The Mail on Sunday

This life-saver merits respect and research


EVEN AFTER 25 years, I hate seeing the seizures. The look of panic flickering across my daughter’s face, the flailing limbs, the screams – and then after another dose of emergency medication, the slump as she sleeps off an attack for several hours.

Epilepsy is a brutal condition. It disrupts lives of sufferers and their families. Doctors often struggle to control seizures, relying on blunderbus­s cocktails of powerful drugs. Patients routinely end up in hospital wards. And there is always that nagging fear of sudden death.

So I understand why Charlotte Caldwell went to such lengths to fight for the right to use cannabis oil that stopped her son’s fits.

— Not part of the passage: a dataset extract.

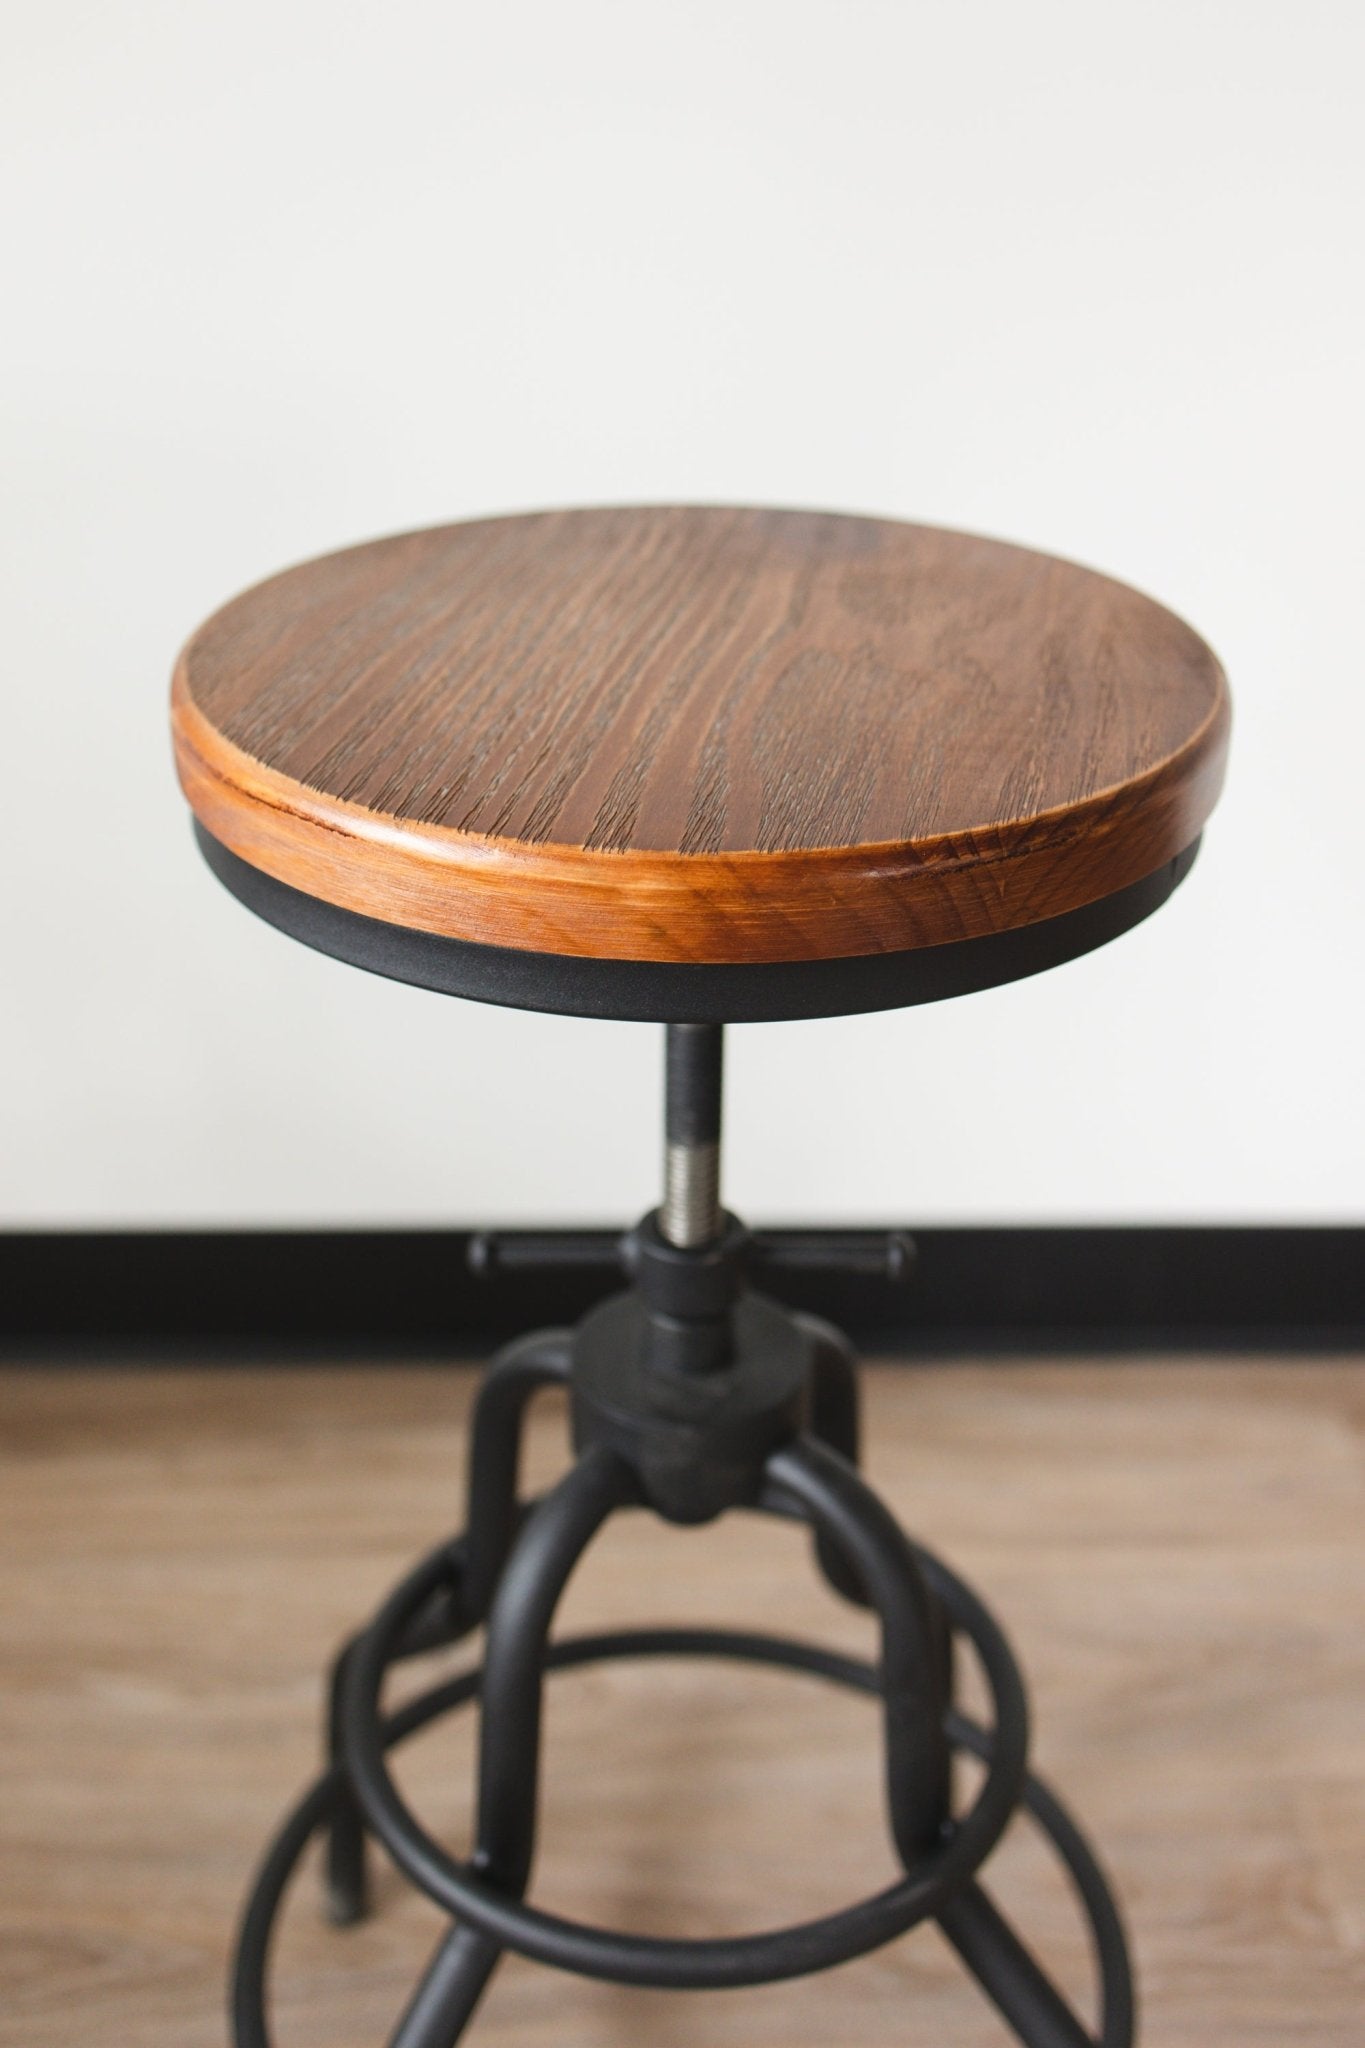 The Industrial Swivel Stool - FargoWoodworks

She is far from alone. I was struck when visiting a New York outlet for medical cannabis to hear the chief pharmacist tell me of seeing scores of similar cases, their oils and tinctures reducing and ending epilepsy attacks that had proved resistant to traditiona­l treatments. She was embarrasse­d at first to be in the cannabis sector, not telling friends about her new job. She soon became a passionate advocate after seeing children’s lives improved, chronic pain relieved, cancer patients helped to sleep and eat.

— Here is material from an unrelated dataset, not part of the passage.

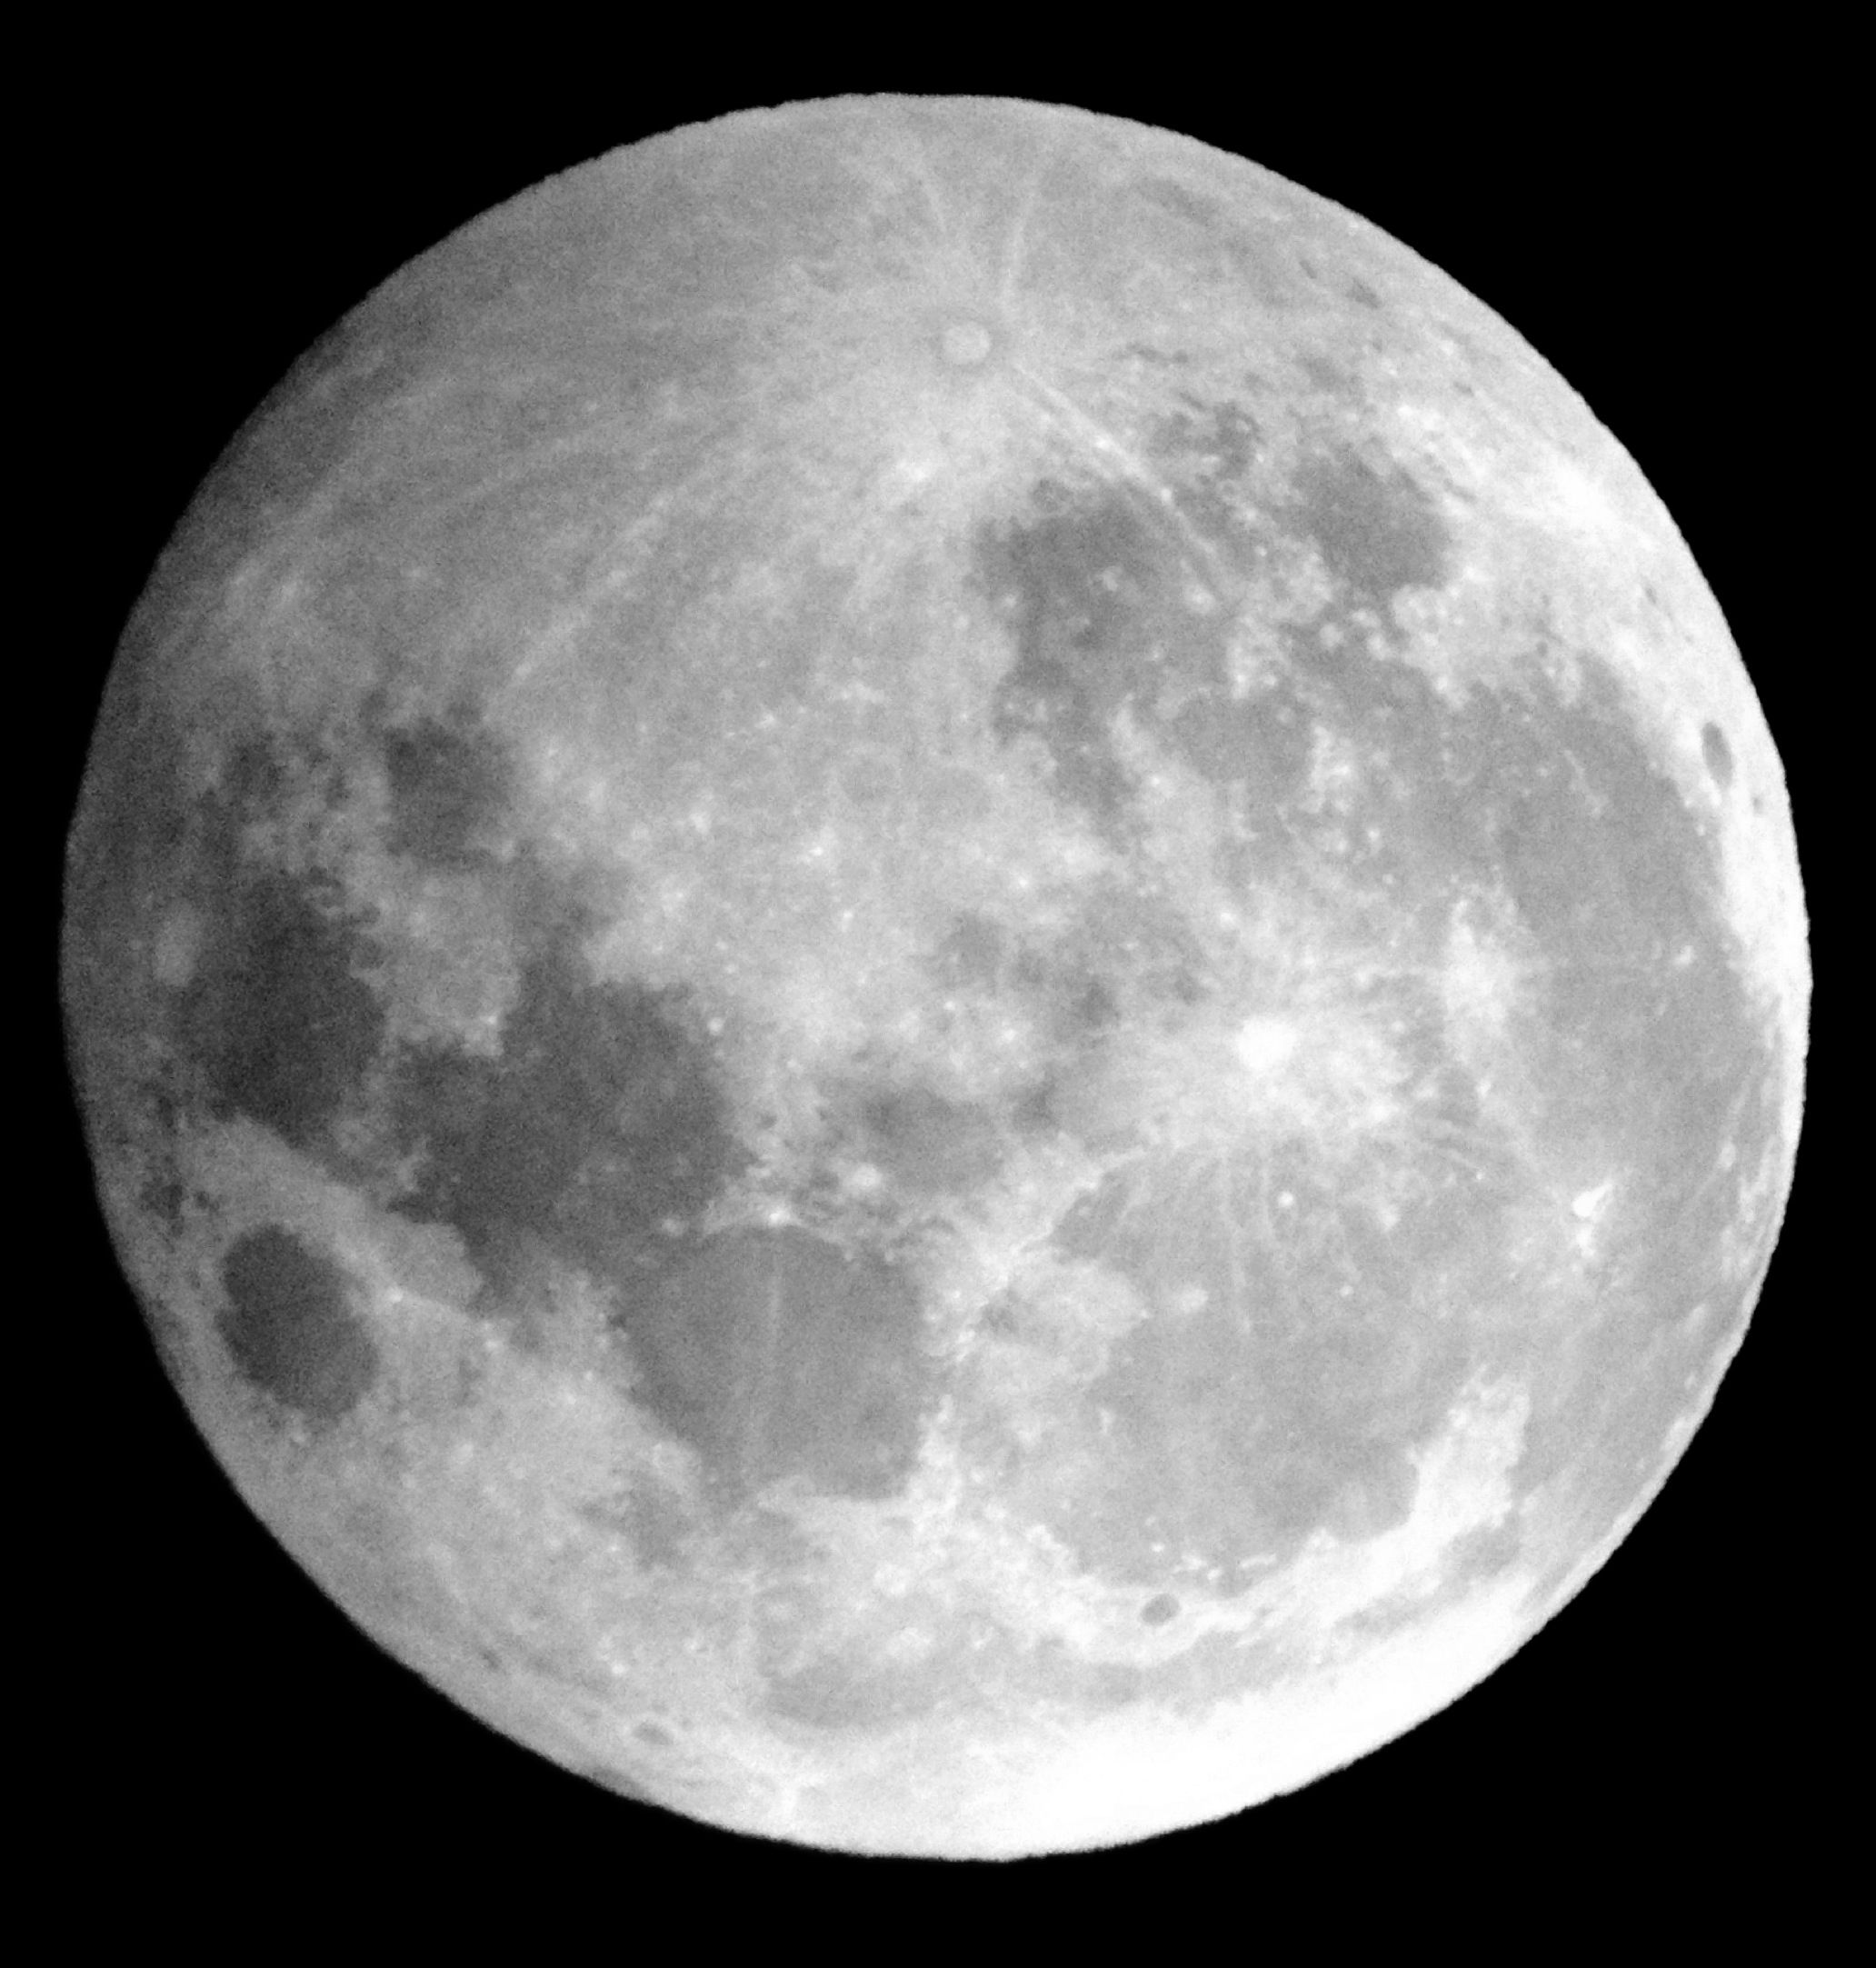 Super Moon Astronomy Images at Orion Telescopes

When I joined Ms Caldwell on her trip to Canada to obtain her son’s oil, she talked to family doctors and a paediatric specialist. It was clear that a plant seen in Britain largely as a street drug plays an increasing role in mainstream medicine.

Full disclosure: I am on the advisory panel of Volteface, a think tank promoting alternativ­e drug policies including legalisati­on and regulation of cannabis.

But there is a big difference between students smoking spliffs and children with epilepsy having torment relieved. Recreation­al cannabis – especially highstreng­th skunk – can worsen seizures, while the medicine obtained by Ms Caldwell cannot be used to get high.

Cannabis is no miracle drug for medicine, but it merits respect, more research and regulated use. This is why 13 European nations and 30 US states permit use of medical marijuana, why British doctors discreetly suggest it to patients and why people risk arrest to smuggle it for sick relatives.

And this is why it is utterly bizarre that a Tory Government resists a popular reform that can save lives and cut healthcare costs – even to the shameful extent of seizing drugs from a sick boy and sending his wretched, lethal seizures spiralling back out of control again.